Repeat the data verbatim, images excluded.

Dataset section >>
--------------------------------
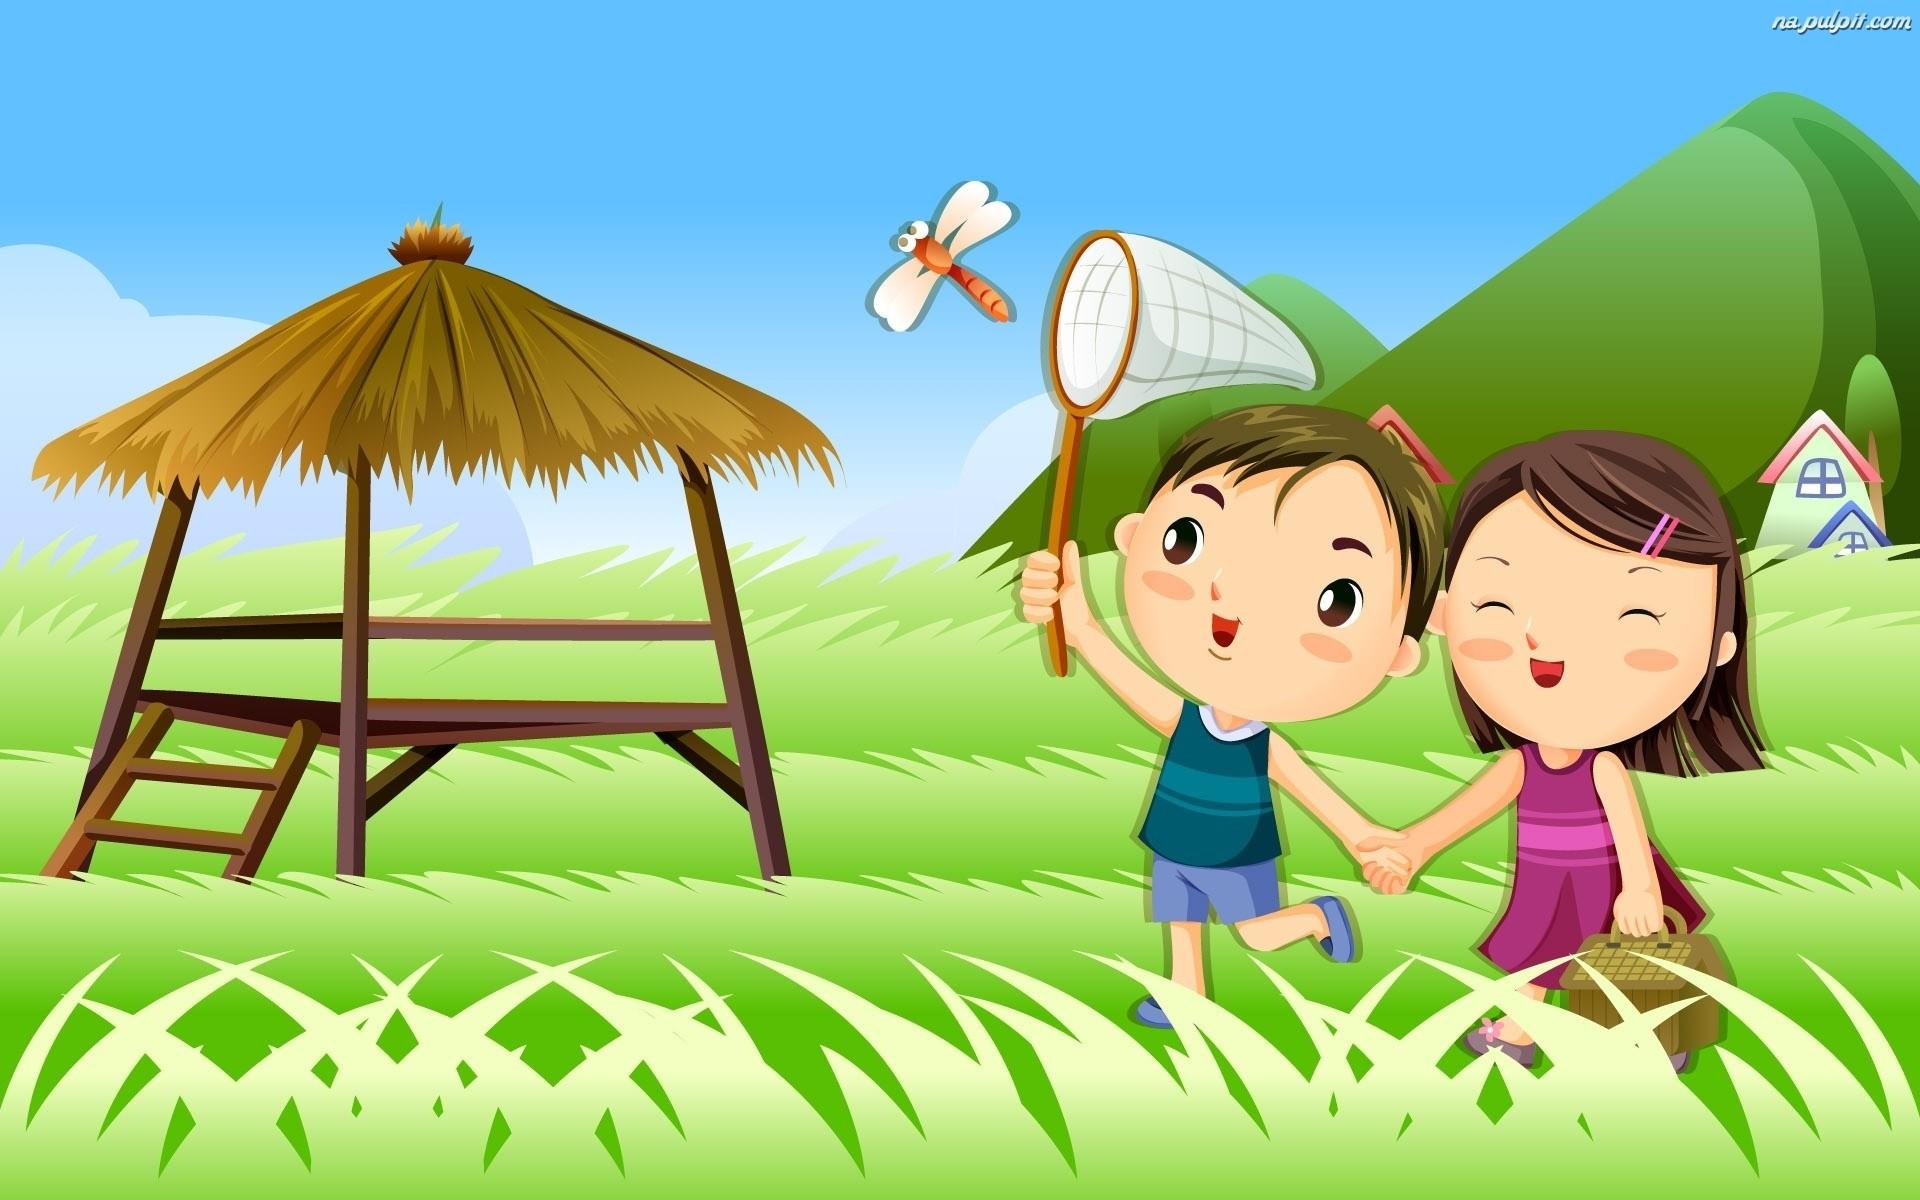 Kids wallpaper and screensavers 43 images - Cute screensavers for kids ...
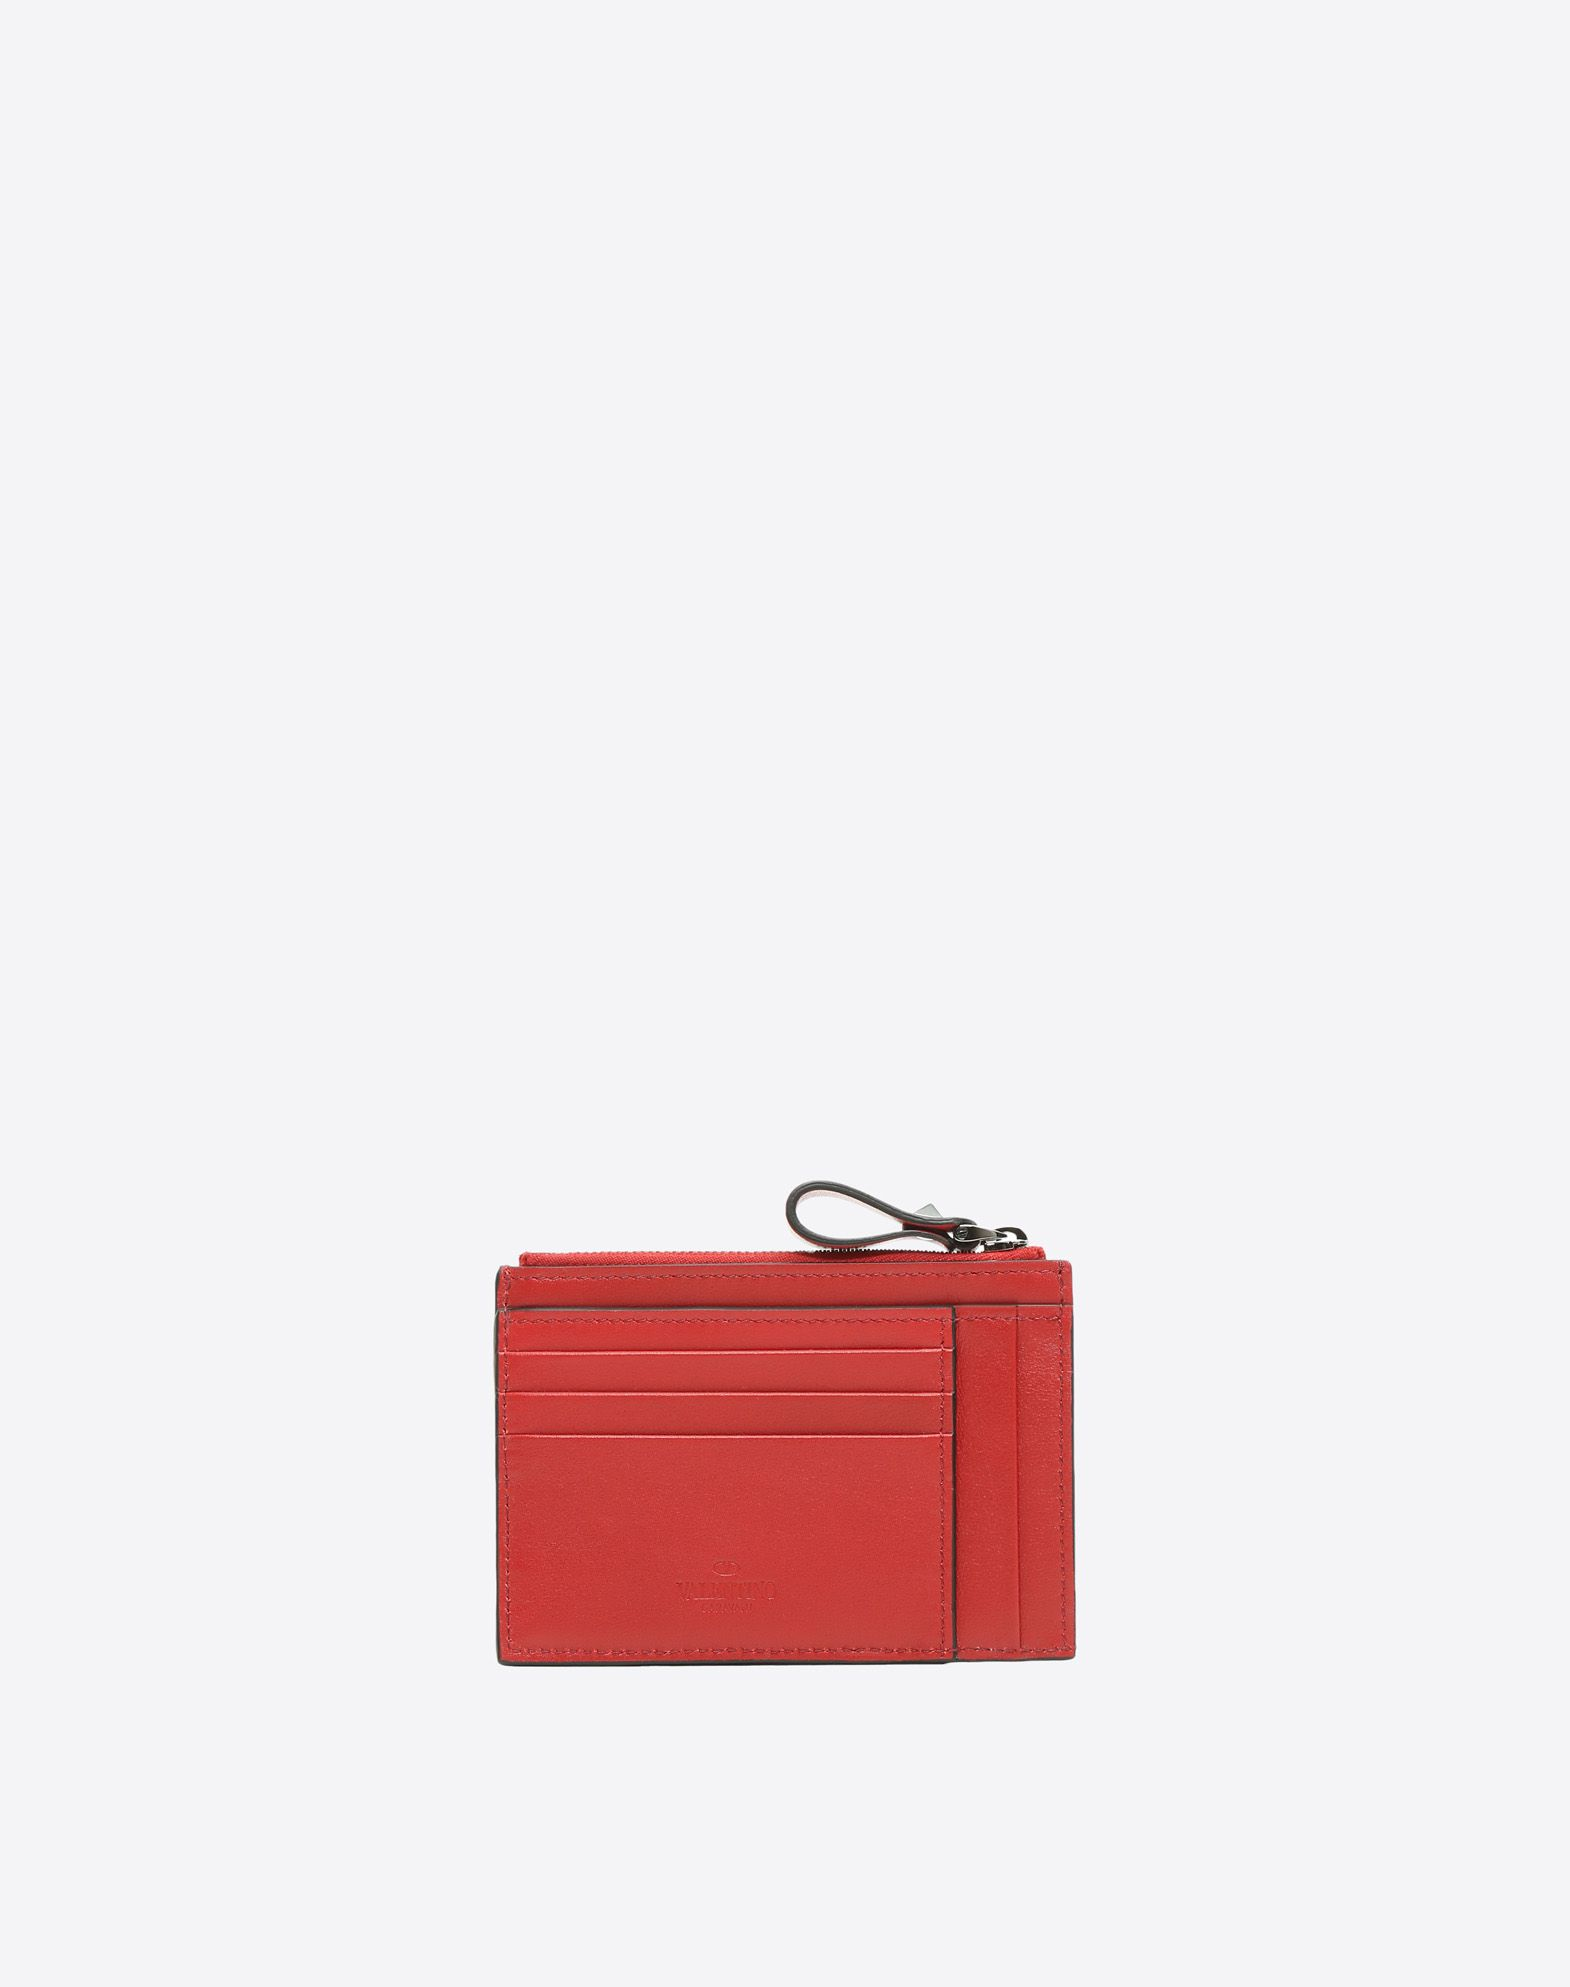 porte cartes porte monnaie rockstud valentino garavani uomo pour homme valentino boutique en ligne. Black Bedroom Furniture Sets. Home Design Ideas
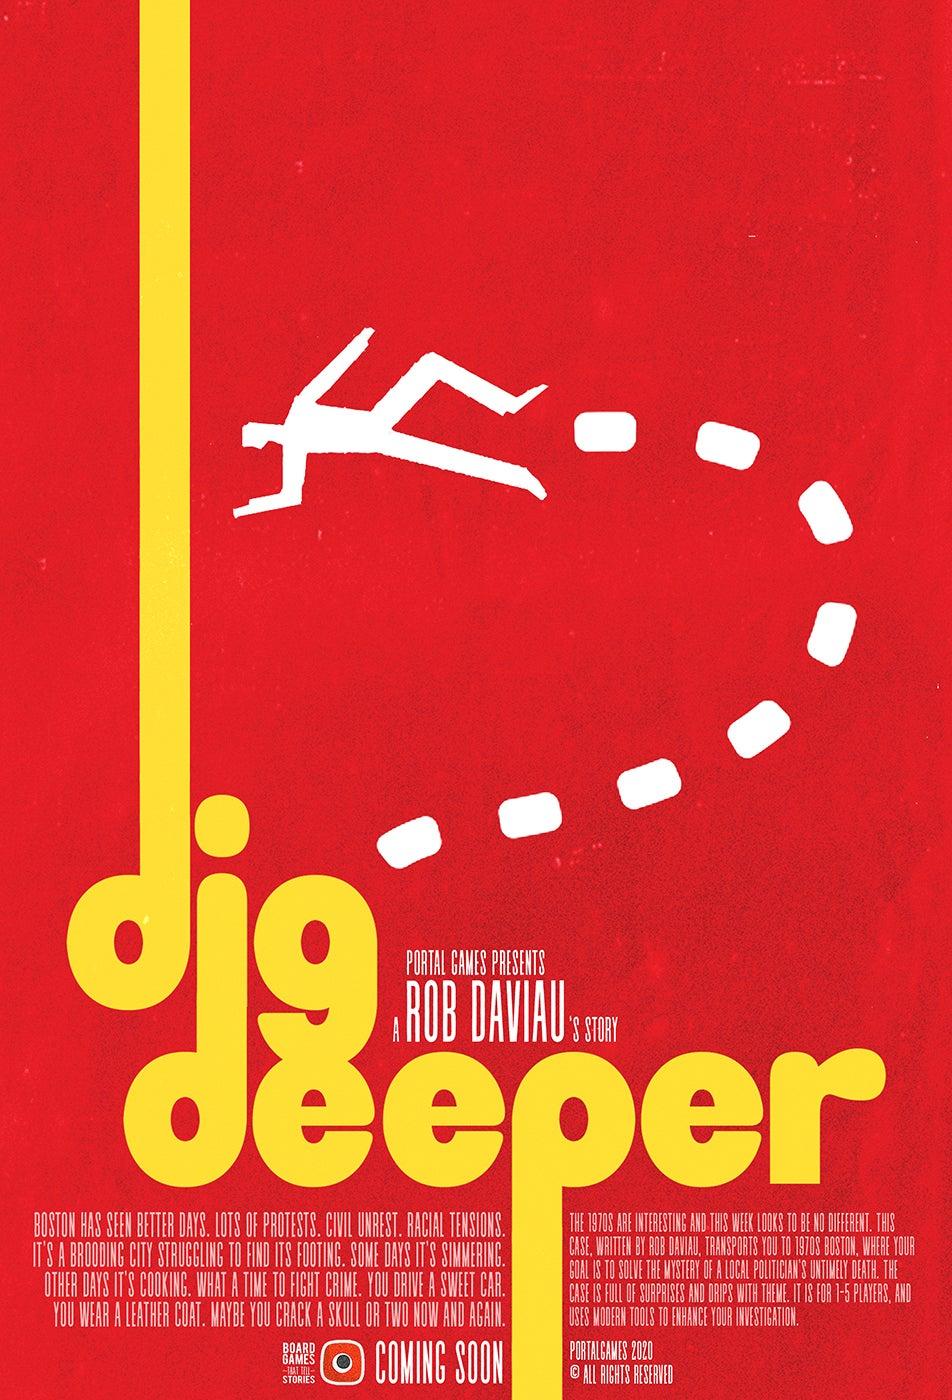 detective-board-game-dig-deeper-full-poster.jpg
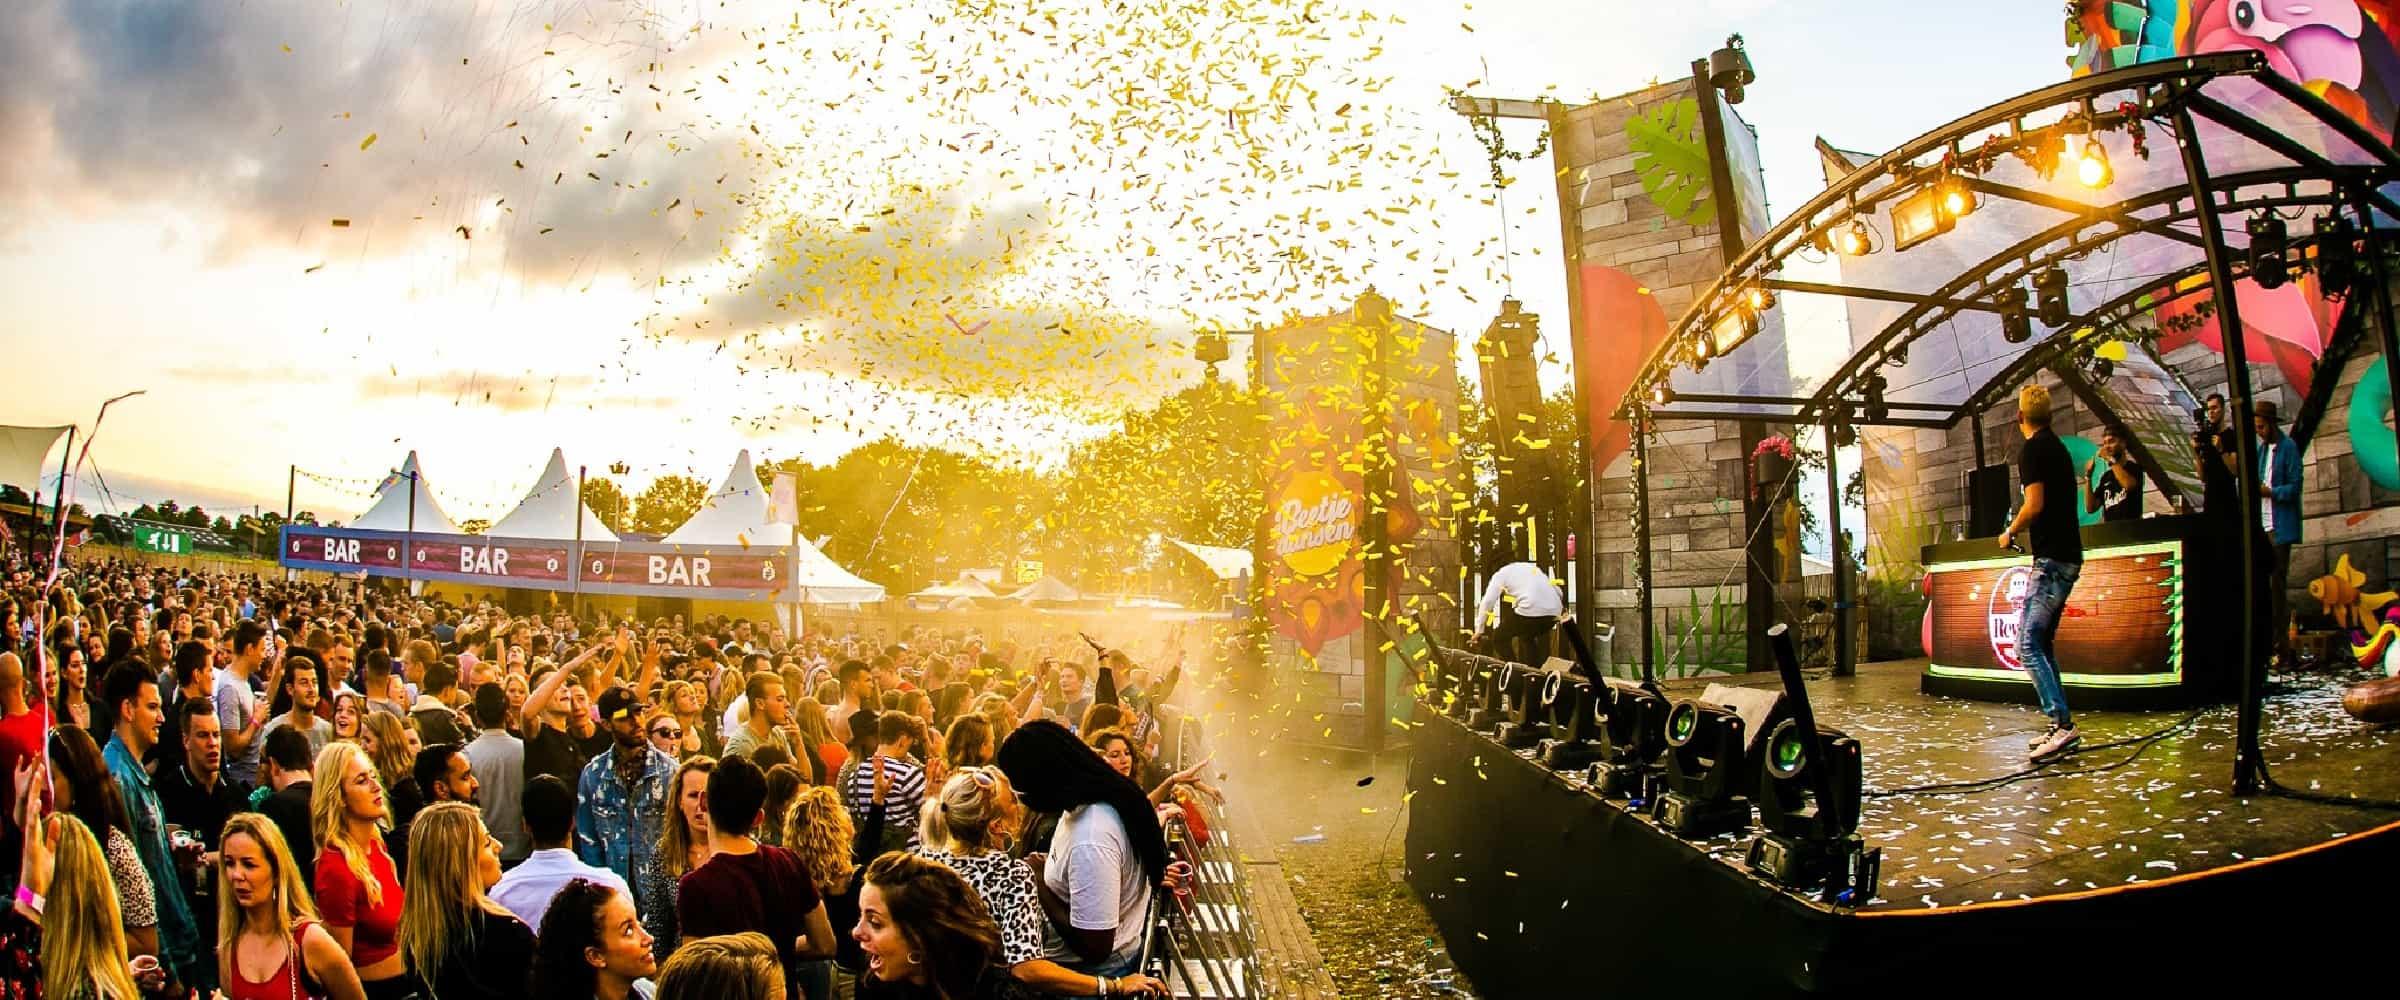 festival organiseren checklist
--------------------------------
Exercise result >>
 Kids wallpaper and screensavers 43 images - Cute screensavers for kids ...
 porte cartes porte monnaie rockstud valentino garavani uomo pour homme valentino boutique en ligne. Black Bedroom Furniture Sets. Home Design Ideas
 detective-board-game-dig-deeper-full-poster.jpg
 festival organiseren checklist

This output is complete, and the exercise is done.